Well hold on. That's just reflective of one clinical trial involving several hundred or a few thousand high-risk people, not millions of people in the real world currently stuffing down the snake oil. According to Business Week, "Several recent scientific papers peg the NNT for statins at 250 and up for lower-risk patients, even if they take it for five years or more." Whoa, that means that if you are a person at average risk of heart disease, you would need to take the chemical for five years just to lower your risk by 0.4%. And that negligible reduction in heart attack disease risk could be way overshadowed by the development of heart failure, liver problems, muscle disease, and other all-cause mortality, at a price tag of over $1,000 per year.

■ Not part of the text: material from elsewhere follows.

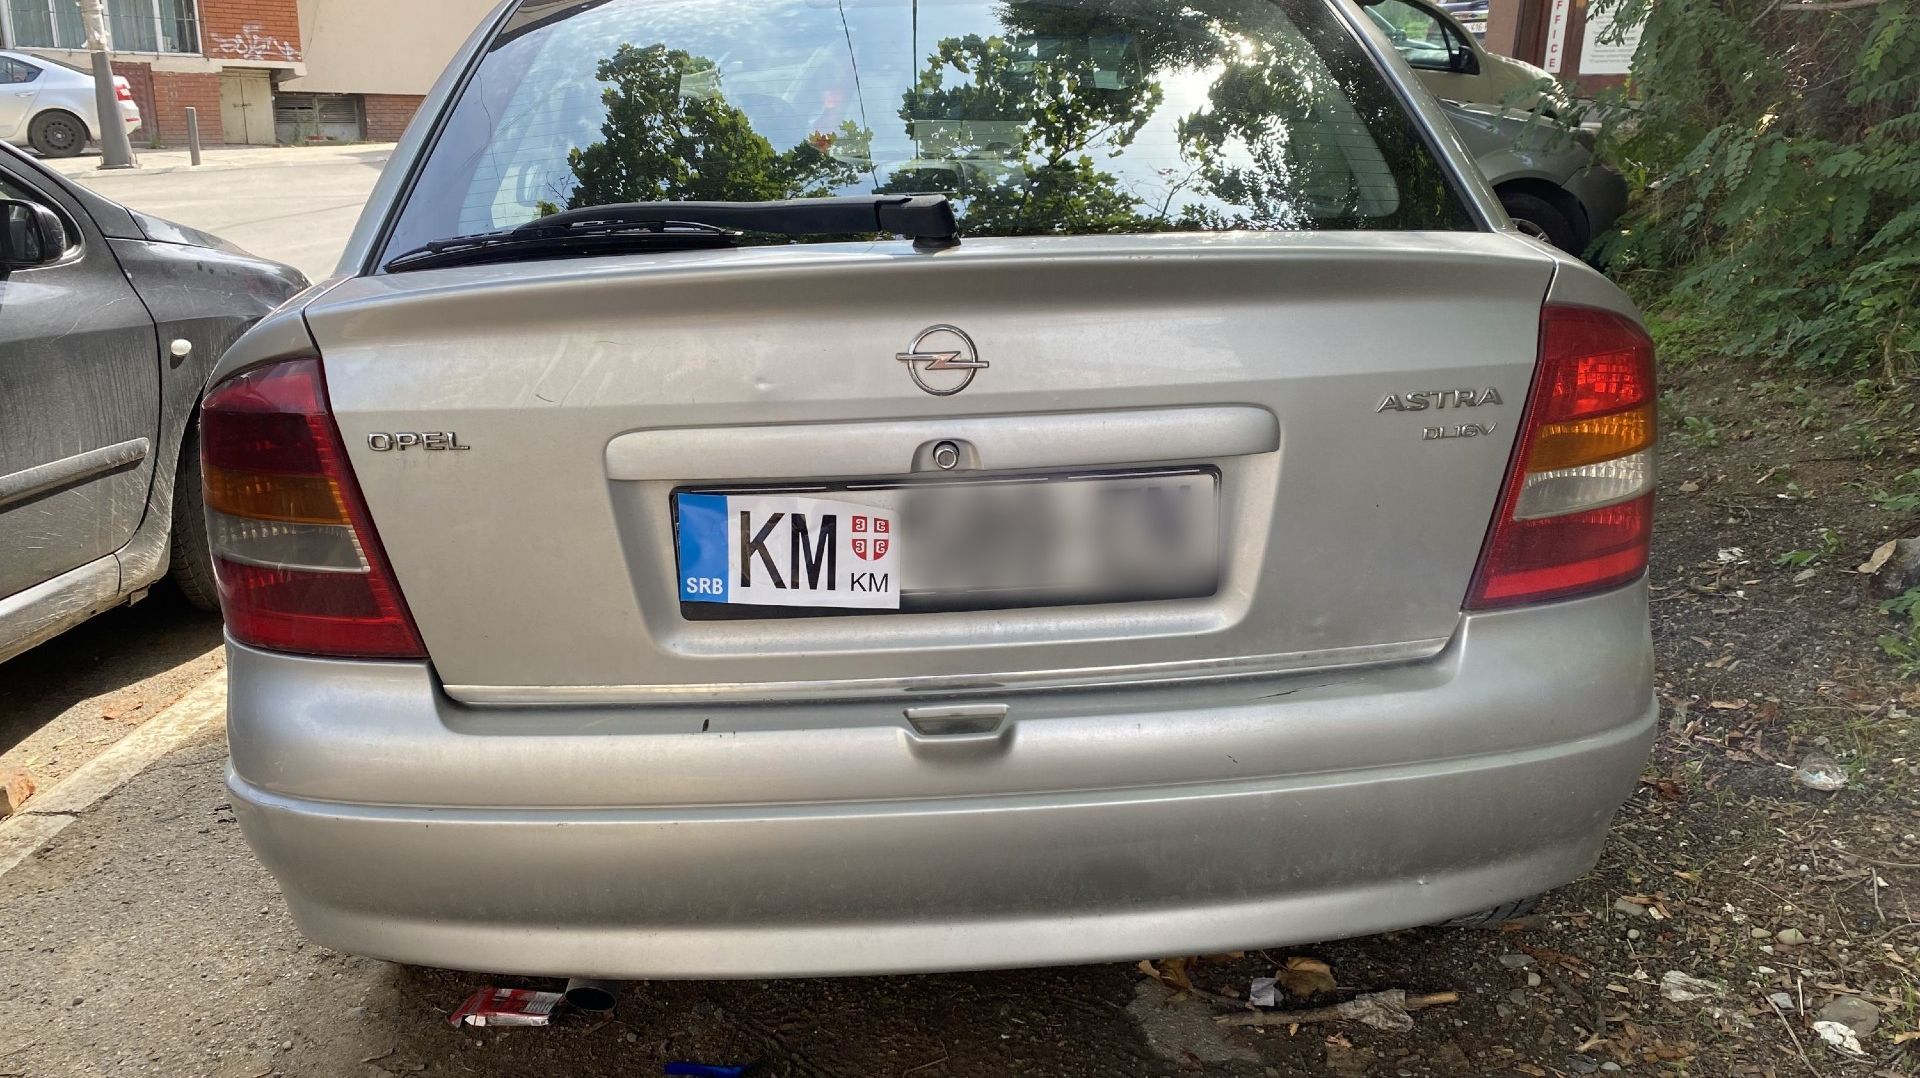 Les plaques d’immatriculation avec les initiales « KM », pour « Kosovska Mitrovica », ne sont pas reconnues au Kosovo, en dehors des quatre communautés serbes au nord du pays.

Bottom line: If you haven't already, forget the cholesterol scam. Heart disease has more to do with how your body handles its cholesterol than the raw numbers. And, if you must take something to lower a familial high-cholesterol problem, start with niacin. If that doesn't work well enough, try Advanced Cholesterol Formula. And if you need a little extra work, try red yeast rice. These don't just lower your cholesterol, they also lower all-cause morbidity (deaths) as well.

One final note: Remember that rising levels of cholesterol with age might be your body's way of offsetting lower hormones or dealing with inflammation. Sledge hammer (drug) reductions could reduce your sex and steroid hormones (made from cholesterol) and allow inflammation to flourish. So skip the drugs. Stick with a healthy diet and inexpensive supplements.